Conclusion: PDCD1, NGF, PDGFRB, and ZAP70 were identified as biomarkers for uremia, providing a theoretical foundation for uremia diagnosis.

Keywords: differential expression analysis, WGCNA, immune infiltration, nomogram, diagnosis

Graphical Abstract:

Introduction

Uremia is a symptom of the final stage of chronic renal failure, which is clinically characterized by aberrant water, electrolyte, acid, and base balance and increased blood levels of metabolites, such as creatinine and urea.1 The uremia stage is often associated with a number of secondary conditions and comorbidities of chronic kidney disease (CKD), including, but not limited to: decreased renal function and accumulation of metabolites; pathological changes in the circulatory system, including anemia, platelet dysfunction, and bleeding; neuromuscular dysfunction and cognitive impairment; vascular endothelial dysfunction and vascular disease progression; endocrine and metabolic disorders, such as insulin resistance, gonadal dysfunction, hyperparathyroidism, and CKD-mineral and bone metabolism disorder; congenital and adaptive immunological diseases characterized by inflammation and immune deficiency.1–3

Patients in uremia stage are associated with poor prognosis of High morbidity, high prevalence of cardiovascular disease, high mortality rates. The main therapeutic strategies for uremia are kidney transplantation or dialysis (including hemodialysis and peritoneal dialysis). However, the expensive treatment is a major economic burden for society and individuals. Thus, uremia is a major challenge to global health. Recently, the number of studies on uremia has markedly increased. However, the pathological mechanisms of uremia have not been elucidated. The elucidation of the molecular mechanism and the identification of targets for early intervention, which are common concerns of interdisciplinary research and challenging limitations, are the major focus of renal disease research.1–3

The dynamic regulatory effects of the uremic environment on the immune system are known as uremic inflammation and include immune activation and immunosuppression.4 The aberrant activation of the innate immune system, especially monocytes, is one of the features of uremic inflammation.5,6 Patients with end-stage renal disease treated with renal replacement therapy exhibit premature immunological aging of T cells, which may be the cause of uremia-related immune dysfunction.7

This study used bioinformatics methods to examine the correlation between immune-related genes (IRGs) and uremia and screen molecular markers that can aid in the diagnosis, elucidation of pathogenesis, and treatment of uremia.

Materials and Methods

Data Source

The data of an independent uremia cohort (GSE37171) were obtained from the Gene Expression Omnibus (GEO) database (https://www.ncbi.nlm.nih.gov/geo/). The GSE37171 dataset comprised data of blood samples from 75 patients with uremia and 40 healthy subjects.
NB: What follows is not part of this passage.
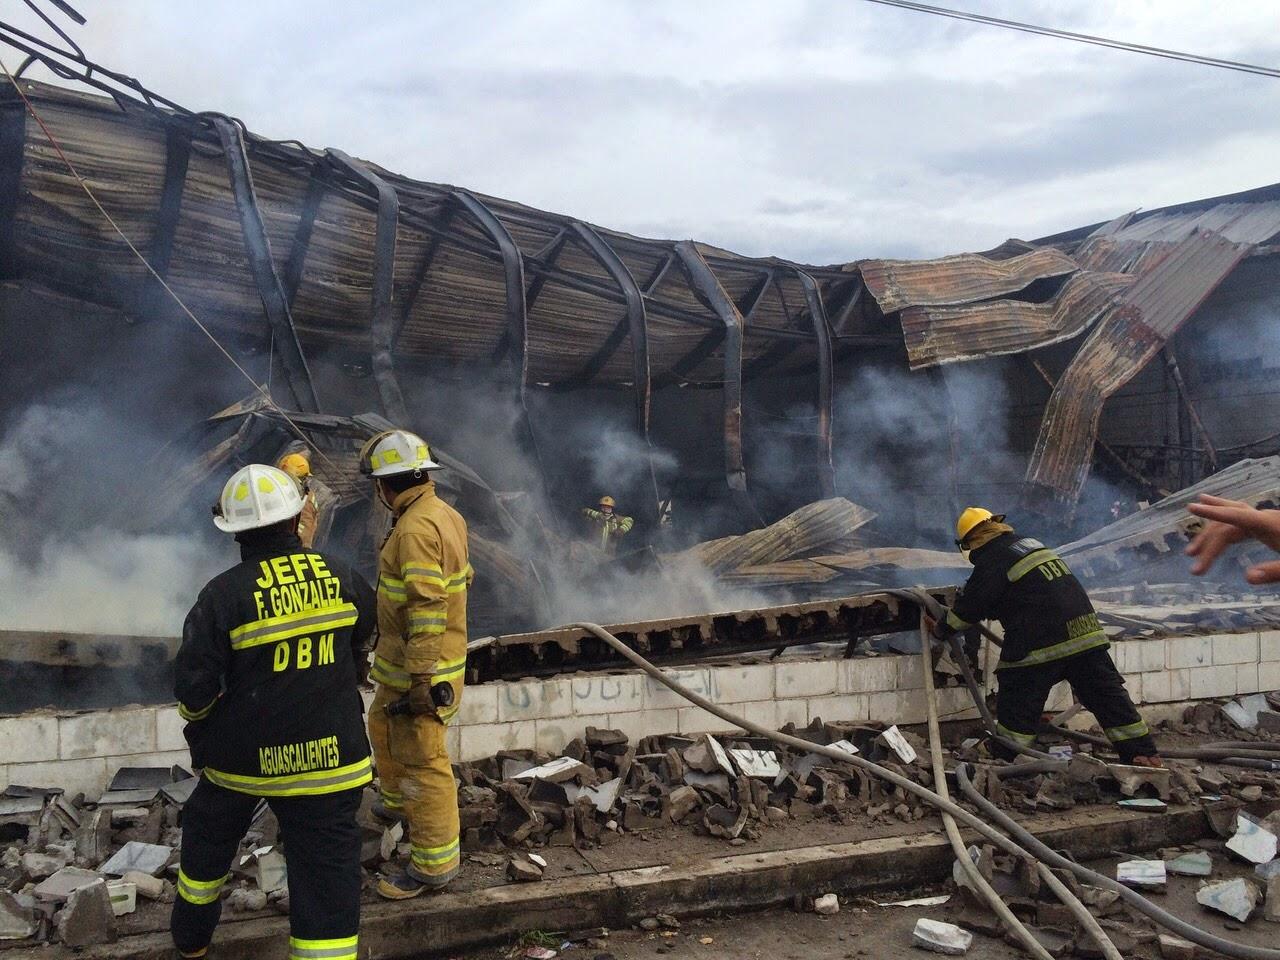 Aparatoso Incendio En Bodega De Muebles Excell Cortando Por Lozano # Muebles Excell Aguascalientes
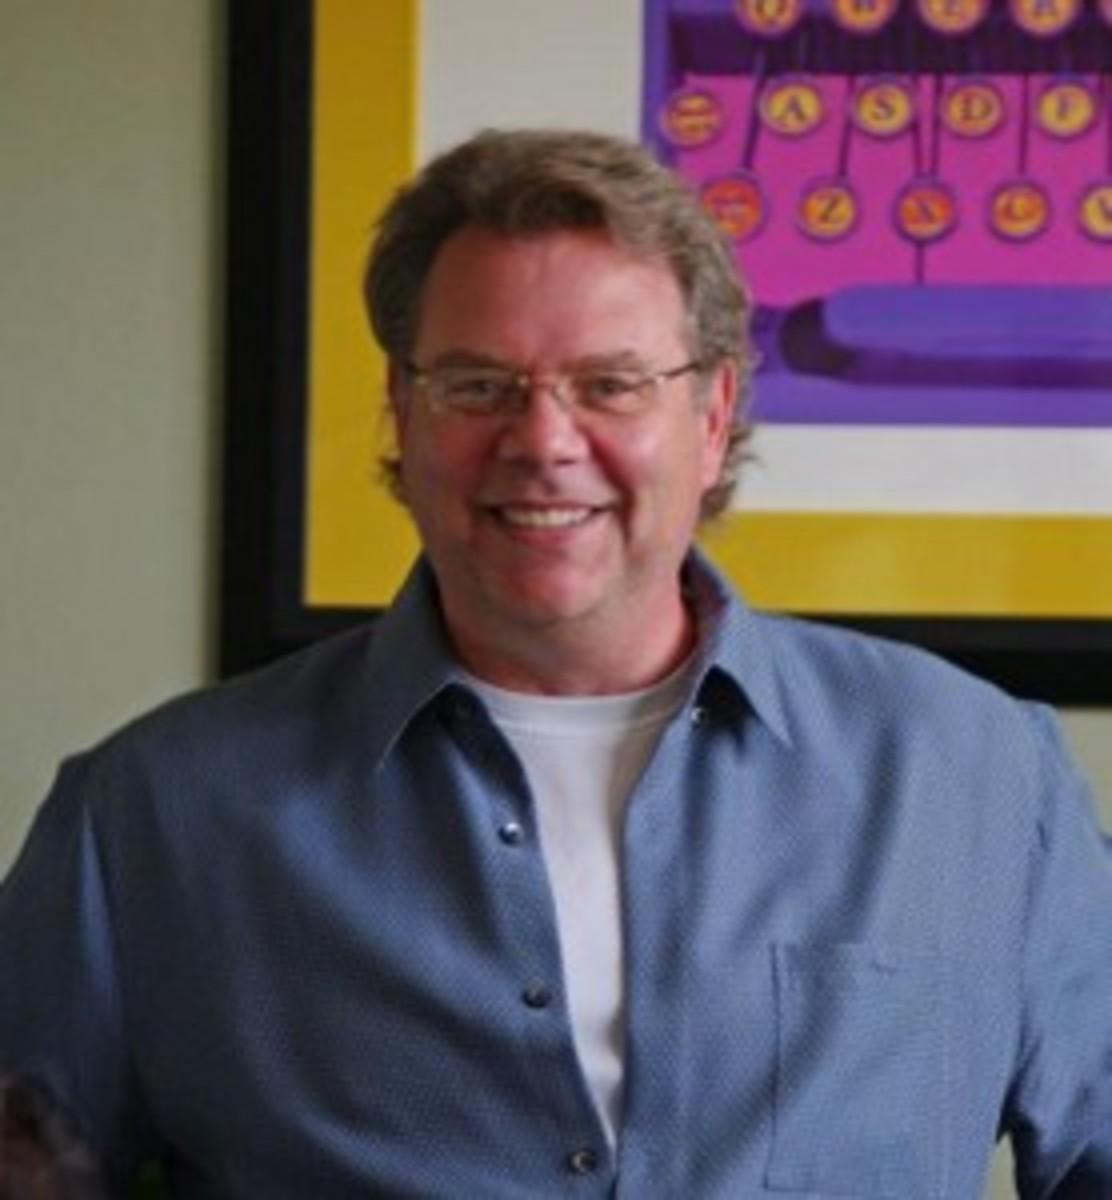 Jeff Lyons

The dataset was divided into training (20 healthy and 63 uremic samples) and validation (20 healthy and 12 uremic samples) sets.3 Additionally, the data of 1793 IRGs were retrieved from the ImmPort database (https://immport.niaid.nih.gov) (Supplementary File 1).
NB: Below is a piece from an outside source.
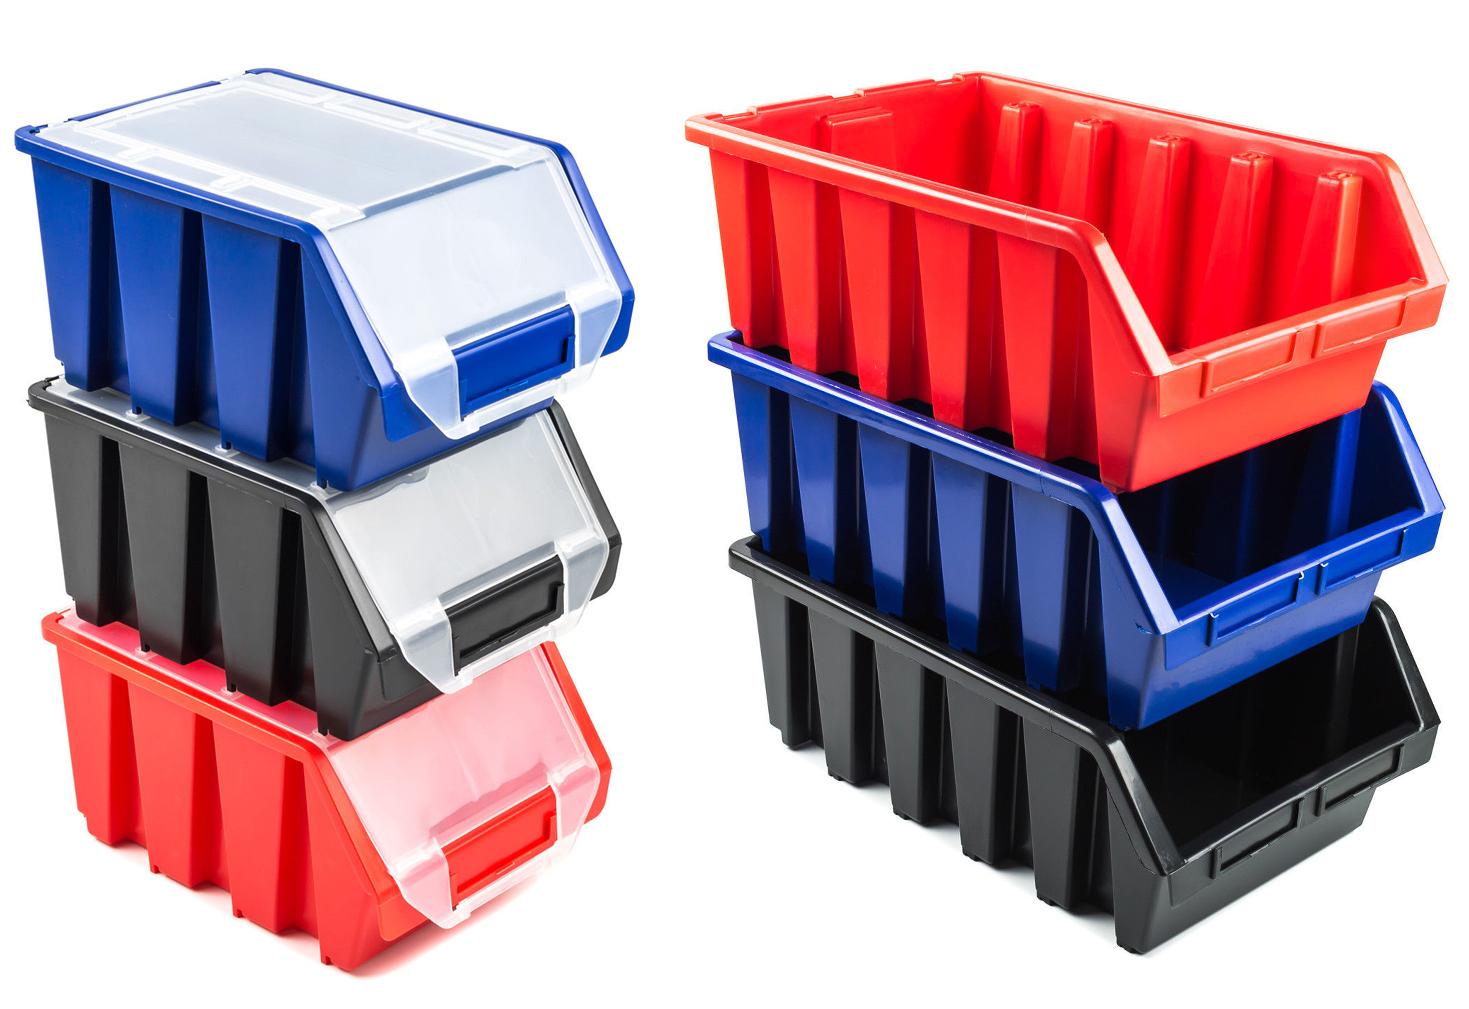 Boîte Rangement Empilable Bac à Bec Boîte Ergobox avec/sans Couvercle 3 Couleurs | eBay

Screening of Differentially Expressed Genes (DEGs)

The DEGs between the uremia and control groups in the training set were screened using the limma package (|log fold-change| > 0.5; adj. p < 0.05).8 The screening results were visualized using the volcano plot and heatmap, which were plotted using the R language ggplot2 (version 3.3.6) package and pheatmap package (version 1.0.12), respectively.9

Identification of Differentially Expressed IRGs (DEIRGs)

The clinical traits of the uremia and control groups in the training set were used to perform weighted gene co-expression network analysis (WGCNA) using the R package WGCNA to obtain key modules and key module genes.10 The outlier samples in the training set were filtered out using the Hclust function. Next, the soft threshold of data was determined and the adjacency was calculated. Gene modules were obtained using dynamic tree cutting with a minimum of 30 genes in each gene module, and similar modules were merged. The modules related to uremia were selected as key modules and key module genes for subsequent analysis.
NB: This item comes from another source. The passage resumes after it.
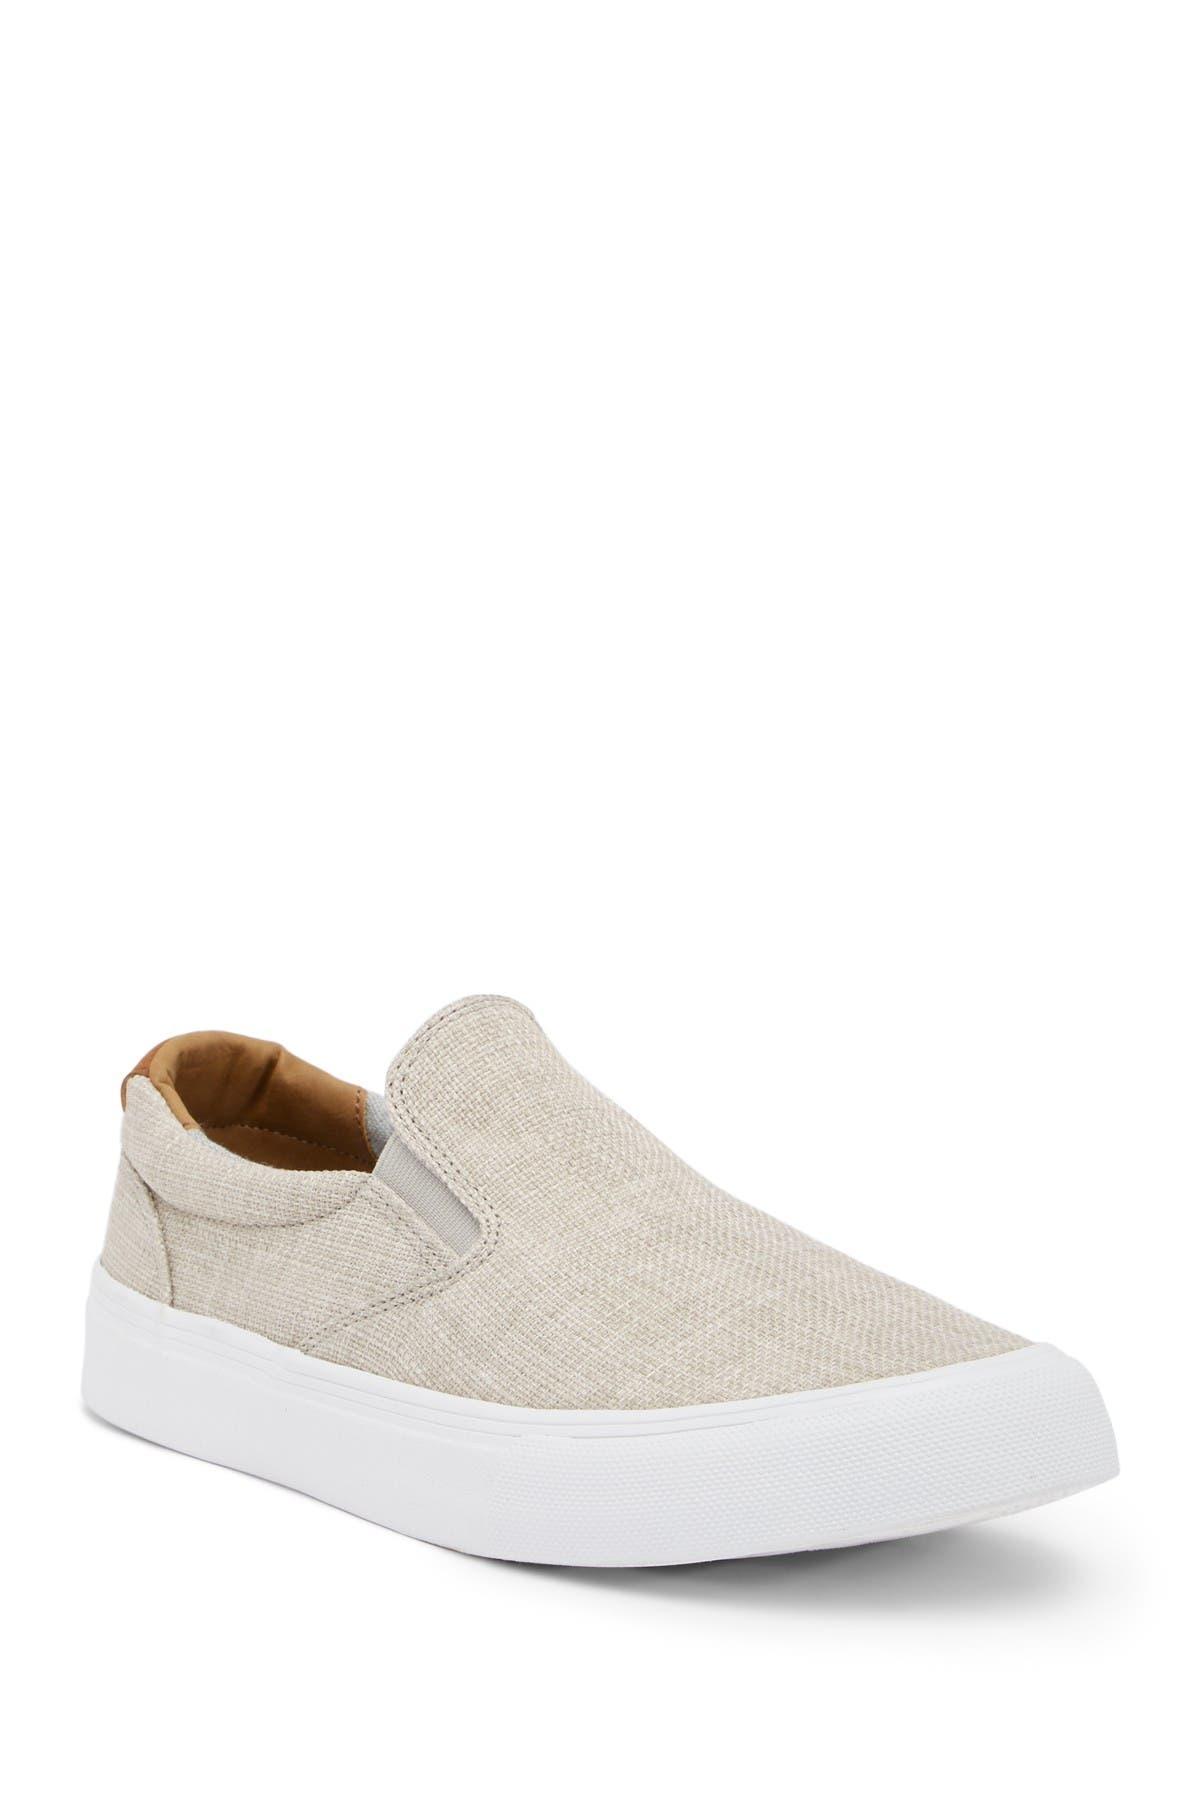 Crevo | Pax Slip-On Sneaker | Nordstrom

DEIRGs were obtained by intersecting the DEGs, key module genes, and 1793 IRGs using the VennDiagram package.11 Functional enrichment analysis of DEIRGs was performed using the R language clusterProfiler (p < 0.05).12

Protein-Protein Interaction (PPI) Network

Protein interactions between DEIRGs associated with uremia were characterized using the STRING database (http://string-db.org) (score > 0.4). The topological properties of the PPI networks were analyzed using cytoHubba in the Cytoscape plugin.13 The maximal clique centrality (MCC), degree, and stress algorithms were applied to evaluate and select candidate genes.

Identification and Validation of Biomarkers

In the training set, three machine learning models (generalized linear model (GLM), support vector machine-recursive feature elimination (SVM-RFE), and random forest (RF)) were executed using the R package “DALEX” to plot the residual distribution and obtain the best model. The biomarkers were obtained from the best model. The receiving operating characteristic (ROC) curves of the biomarkers were generated using the survROC R package to evaluate the diagnostic value of the biomarkers.14 Next, the validation set was used to further assess the diagnostic power of the biomarkers. The expression of biomarkers in the training set and validation set was displayed.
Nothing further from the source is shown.